To extract the structural variations in detail for the complexes with the lowest relative free energy of binding (Table 2), principal component analysis (PCA) on the Cα atom was performed and compared to their respective apo-proteins. The results of PCA corroborates with the RMSD, RMSF, Rg and relative binding free energy obtained for the phytochemicals and the repurposed drugs. The first two eigen vectors captured around ~50% of the motions (Fig. 3 ). In the case of NSP10 much larger conformational space was explored by N10P1 and N10R3 (Fig. 3A). Their corresponding residue fluctuation plots showed overall lower RMSF for N10P1 and N10R3 compared to the apo-protein. In the case of NSP9 comparable conformational space were explored by the apo-protein and the complexes (Fig. 3B). Residue fluctuation were lower for N9P2 compared to the apo-protein. However, increase in fluctuations were observed for N9R4 in comparison to the apo-protein. This indicates that binding of the phytochemical was more stabilizing than the repurposed drug. In the case of NSP15, N15P1 explored more conformational space (Fig. 3C). Residue fluctuations were reduced in comparison to the apo-protein, showing creation of a stable environment upon ligand binding. In the case of N12d1 (Fig. 3D), more conformational space was explored by N12d1R2 in PC1. Comparable conformational space was explored by the apo-protein and the N12d1P1. Residue fluctuations were similar for N12d1P1 and N12d1R2 compared to the apo-protein (residues 500–800). Residue fluctuations were also similar in the case of N12d2 (residues 300–400) and N12d3 (200–500) at the ligand binding site in comparison to the apo-protein. In the case of NSP16 (Fig. 3E), larger conformational space was explored by N16P1 compared to the apo-protein. Overall decrease in residue fluctuations were observed for N16P1. In the case of NSP3 similar conformational space was explored by N3P1 and N3P4 compared to the apo protein (Fig. 3F). Slight decrease in residue fluctuations at the C-terminal was observed for N3P1. Residue fluctuations increased for N3P4 compared to N3P1 and apo-protein.
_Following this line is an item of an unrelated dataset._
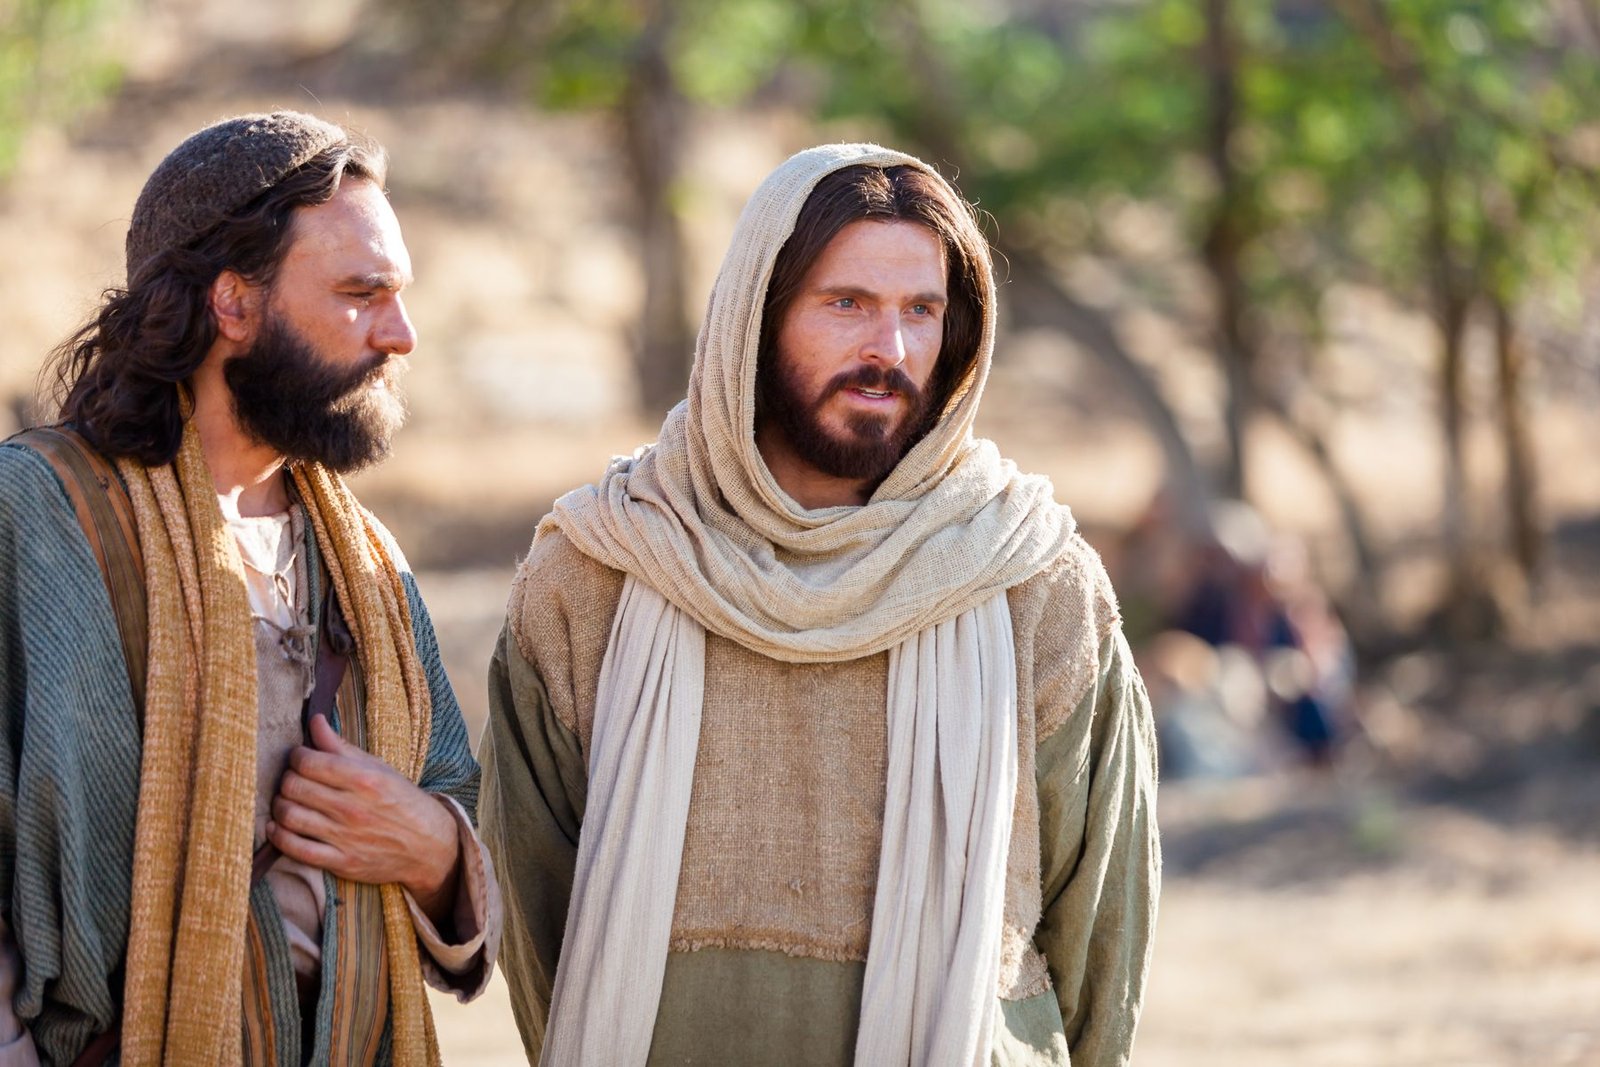 Today’s Gospel – Persecution and Eternal Life

Therefore, PCA showed overall reduction in residue fluctuations upon ligand binding for all the NSP complexes.

Fig. 3

Comparative PCA of the 8 NSP binding sites with the phytochemicals and the repurposed drugs along with their apo-proteins (OP). The phytochemicals with the most negative free energy of binding have been illustrated here. The projection of PC1 on PC2. The continuous color spectrum from blue to whit to red represents simulation time. The initial timescale represented by blue, intermediate by white and final by red. The RMSF of residue contribution to PCA. (black: PC1, blue: PC2). RES COBTRIB: Residue contribution to PCA (RMSF). For abbreviations please refer main text and Table 1. A) NSP10, B) NSP9, C) NSP15, D) NSP12d1, NSP12d2 and NSP12d3, E) NSP16, F) NSP3.

Further, dynamic cross-correlation matrix was computed by using the coordinates of Cα atoms from the trajectories. Dynamic cross correlation plots of the NSP complexes reveal that anti-correlation (indicative of ligand binding) slightly increased and correlation (indicative of stability upon ligand binding) increased at the binding sites on binding of phytochemicals and repurposed drugs in comparison to the apo-proteins. In case of NSP10 complex (Fig. 4 A), increase in correlation was more for N10P1 than N10R3.In case of NSP 16 (Fig. 4B), N16P1 showed increased anti-correlation and correlation in comparison to the apo-protein. In the case of NSP15 (Fig. 4C), overall increase in correlated motion was observed. In case of NSP12- N12d1, N12d2 and N12d3 there was overall decrease in anti-correlated motions. In the case of NSP9 (Fig. 4D) slight increase in anti-correlation was observed on ligand binding. In the case of NSP3 (Fig. 4F), both anti-correlation and correlation increased on ligand binding compared to the apo-protein. Conclusively it can be inferred that ligand binding created a more stable environment in all the NSPs with respect to the apo-proteins.

Fig. 4

C) DCCM plots for 8 NSP binding sites with the phytochemicals and the repurposed drugs along with their apo-proteins (OP). The positive value represents the positively correlated motions (cyan), while negative values represent the anti-correlated motions (pink). For abbreviations please refer main text and Table 1. A) NSP10, B) NSP16, C) NSP15, D) NSP12d1, NSP12d2 and NSP12d3, E) NSP9, F) NSP3.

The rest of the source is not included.